Why doctors should ask you about your sexuality

NHS England has announced that medical professionals will now be able to ask patients over the age of 16 important questions about their sexuality. This will help the NHS provide better care for vulnerable people, improve our insights into LGBT people in society and has many more benefits.

Unfortunately, there has been a backlash to the findings with many people worried about its intrusiveness and straight people outraged that their sexuality is not going to be treated as the default setting in the GPs office. However, there are many reasons why doctors should be asking these questions.

These statistics are badly needed. There is very little large-scale monitoring of the relationship between sexuality and medical conditions. Matthew Todd, in his book Straight Jacket, talks about how this lack of data is holding back important care for LGBT people.

As a community, we are disproportionately more likely to suffer from a variety of medical issues, including mental health conditions, drug and alcohol dependency, sexual health conditions and loneliness, yet these go unrecorded.

A lot of the backlash claims that people’s sexuality does not matter and that medical care should be the same for everyone. Nonetheless, being gay, bisexual, lesbian or a different sexual orientation can be significant in a person’s life story and medical needs. At the moment, anecdotal evidence is the bulk of what we have, which means it is not taken as seriously in government and NHS planning.

The LGBT Foundation found that LGB people are twice as likely to have suicidal thoughts or make attempts than heterosexual people and are two to three times more likely to suffer from depression.

A third of gay or bisexual men that used healthcare services in the previous year reported a negative experience regarding their sexual orientation. This clearly shows that something needs to change and greater awareness of the unique needs of their patients could help well-trained and tolerant doctors offer a better service.

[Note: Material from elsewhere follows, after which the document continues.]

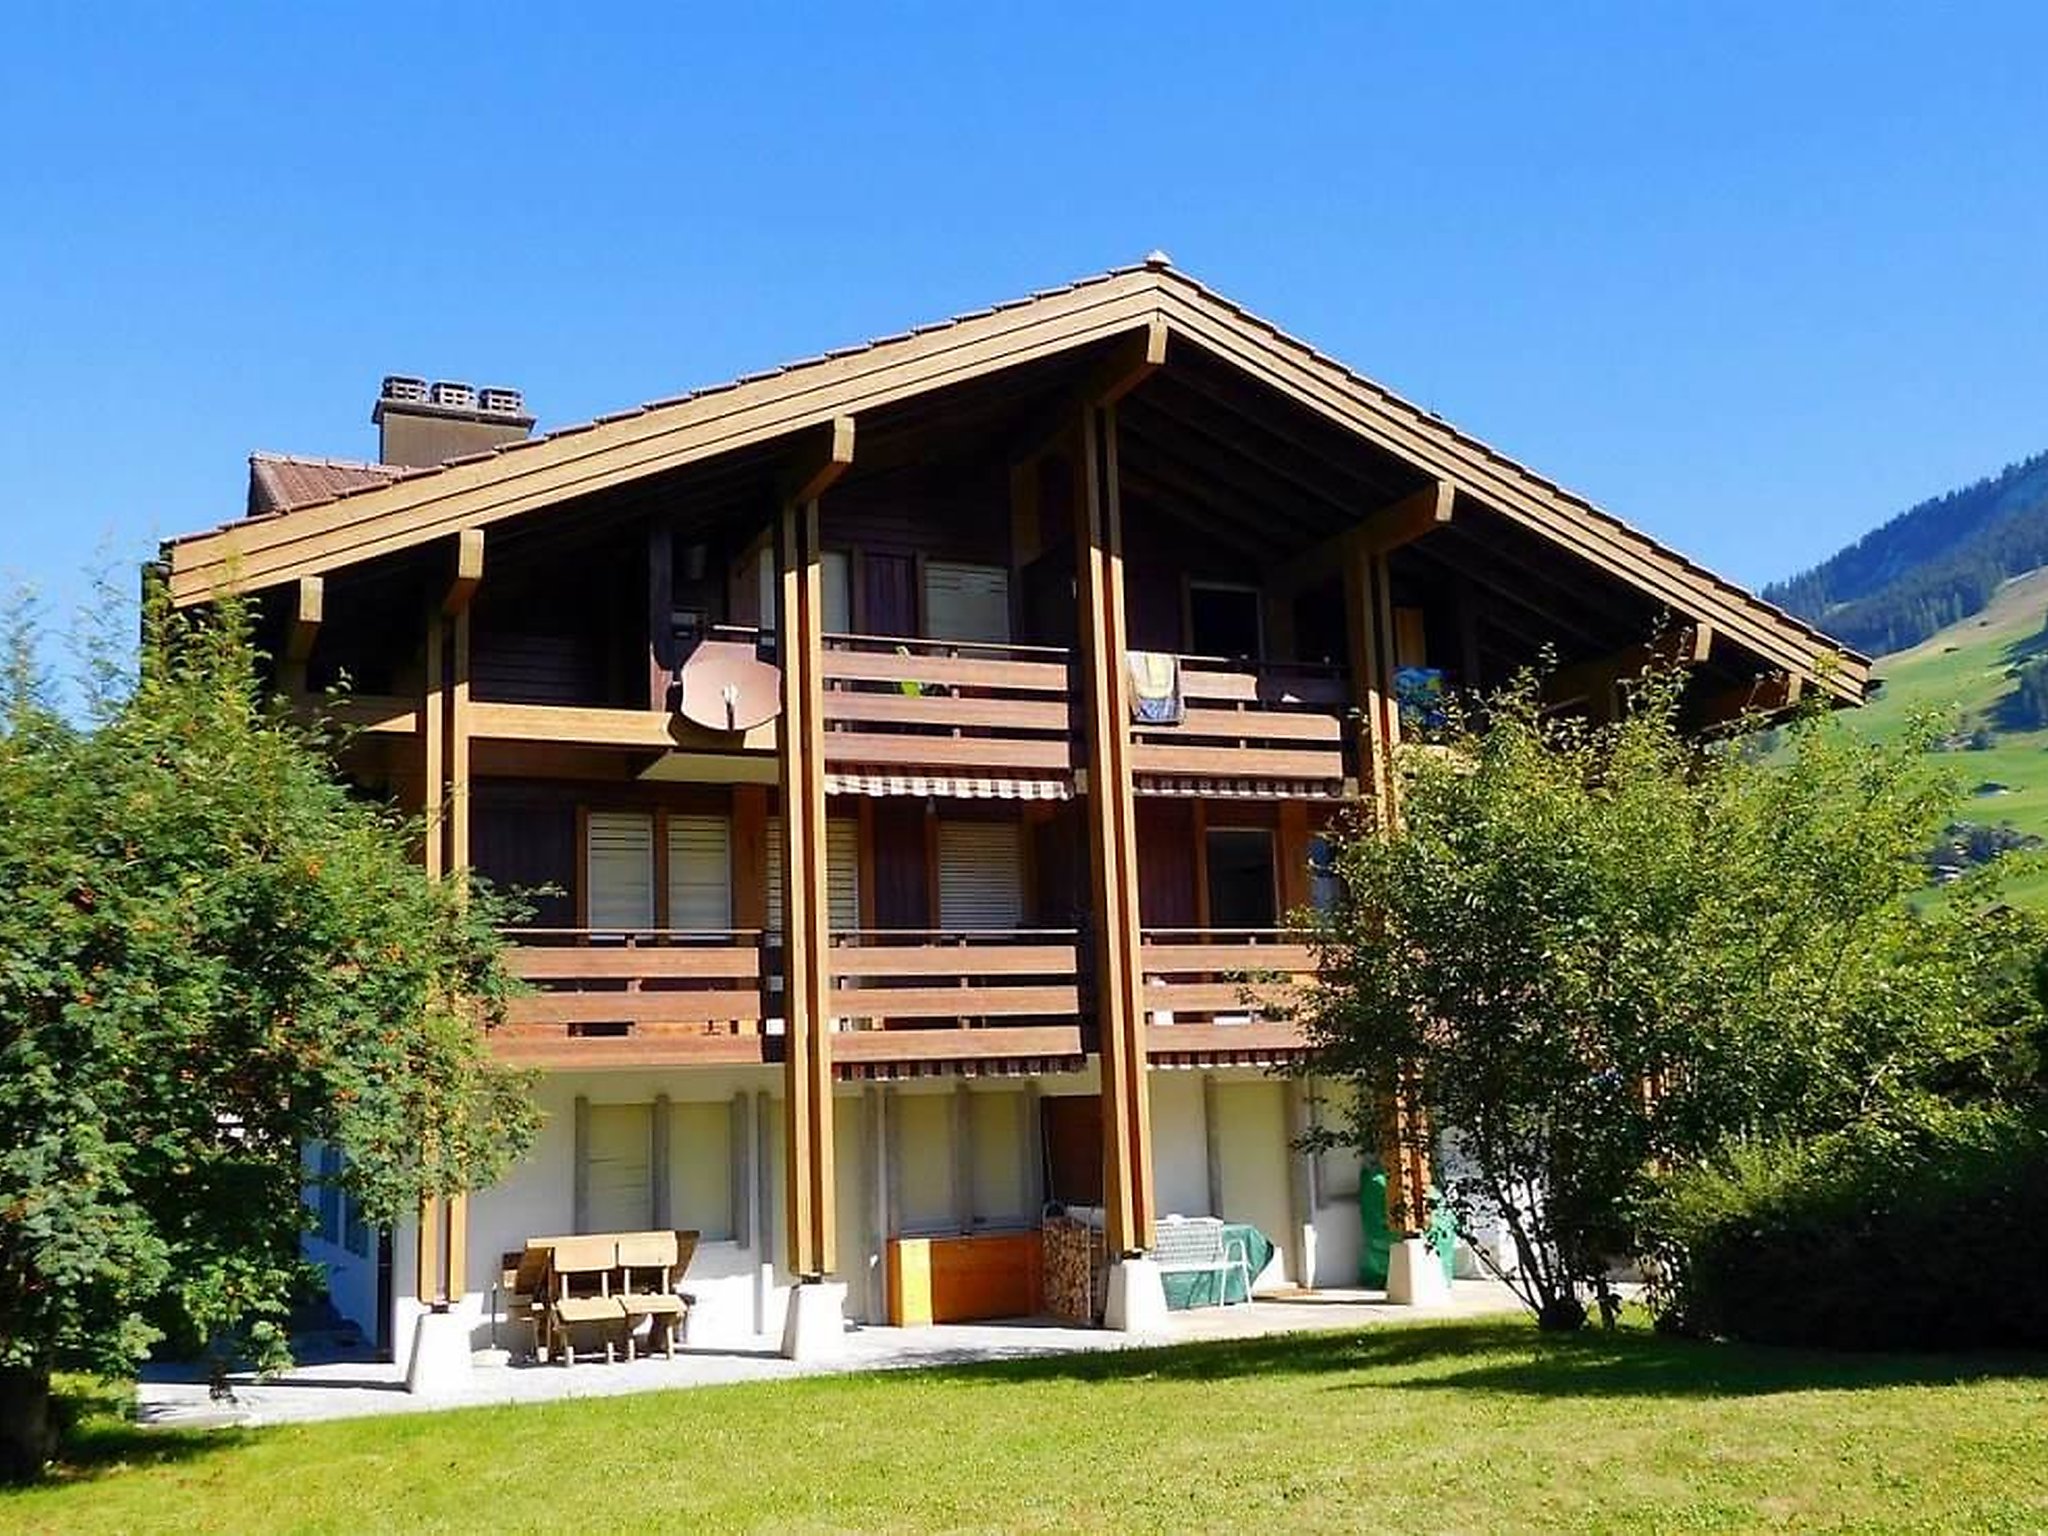 Amaryllis  with 1 bedrooms and 1.5 bathrooms - Lenk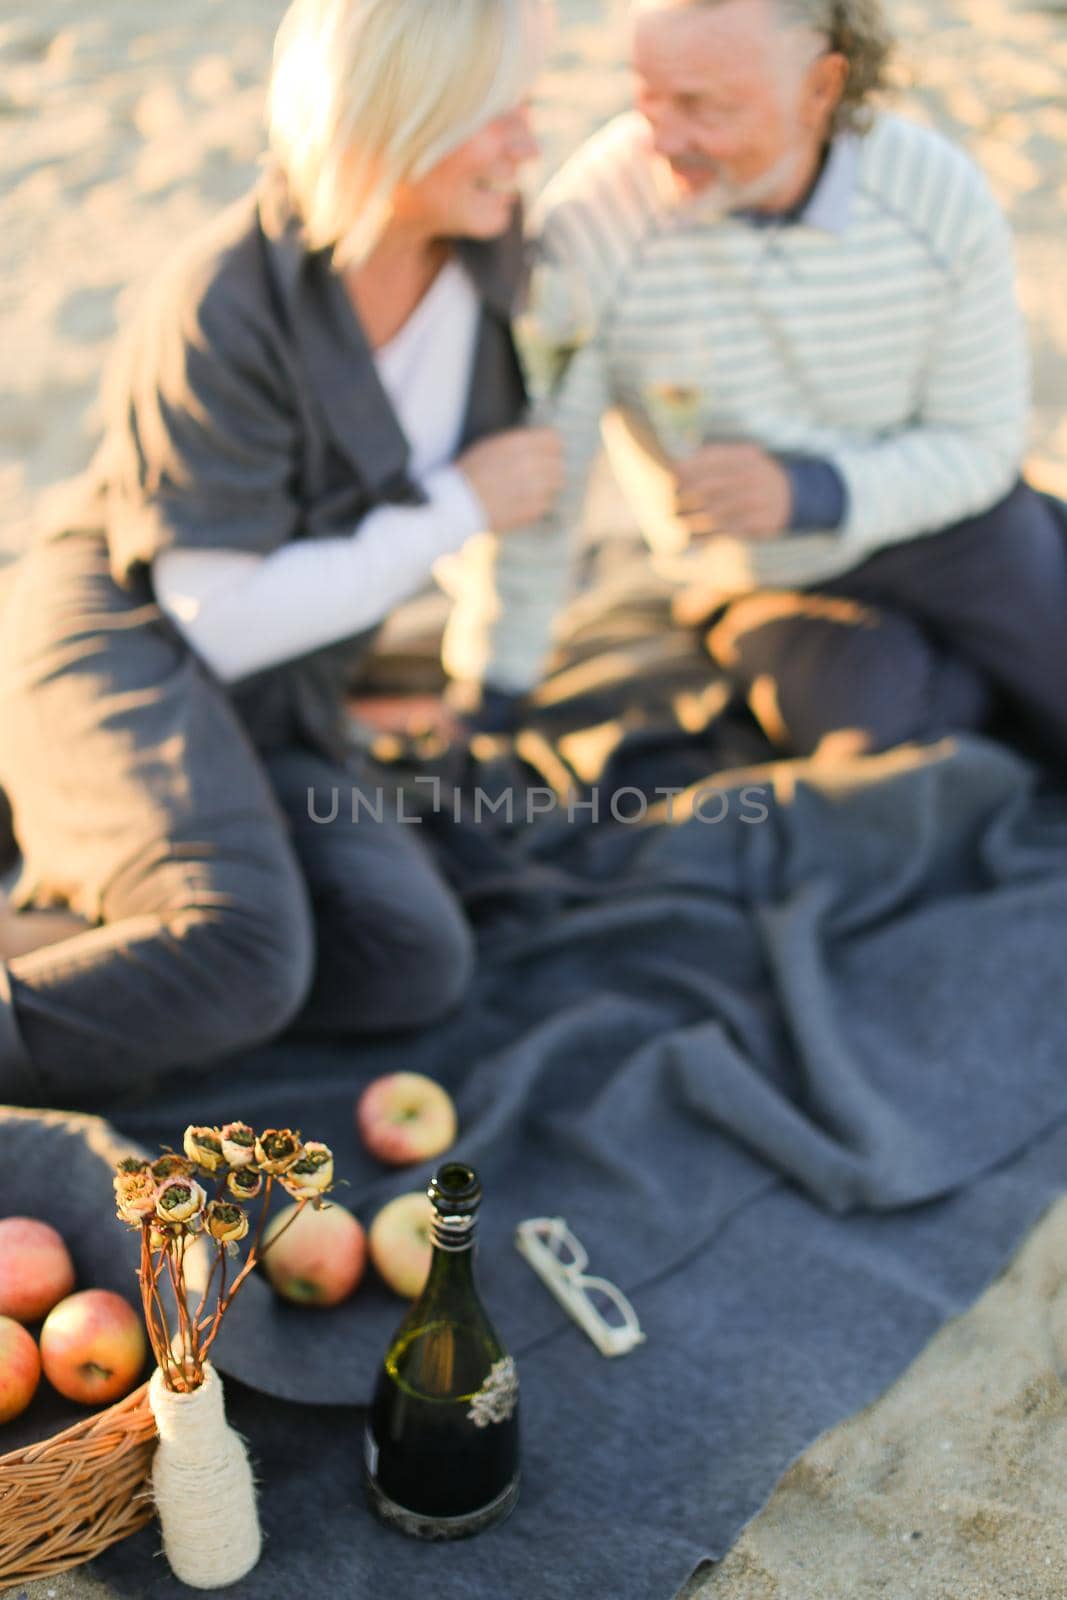 Focus on champagne bottle and fruits, pensioners with glasses sitting on plaid on sand beach in blurry background. Concept of elderly couple on picnic.

Another benefit of this policy will directly help LGBT people. It takes the burden of disclosing their sexuality away from the patient. Approaching a medical professional about anything sexual health related is a daunting and worrying experience for most LGBT people. Just like with everyone else in society that you interact with, you have to look for clues as to how they will react and prepare yourself for the worst.

As a gay man, I believe that doctors should be asking patients important questions about their sexuality.
If the doctor asks the question first, it may diffuse this tension and help make the patient more comfortable being open about their own experience and medical needs. Some people may find it intrusive, but for the people that are directly affected, it could be a huge relief.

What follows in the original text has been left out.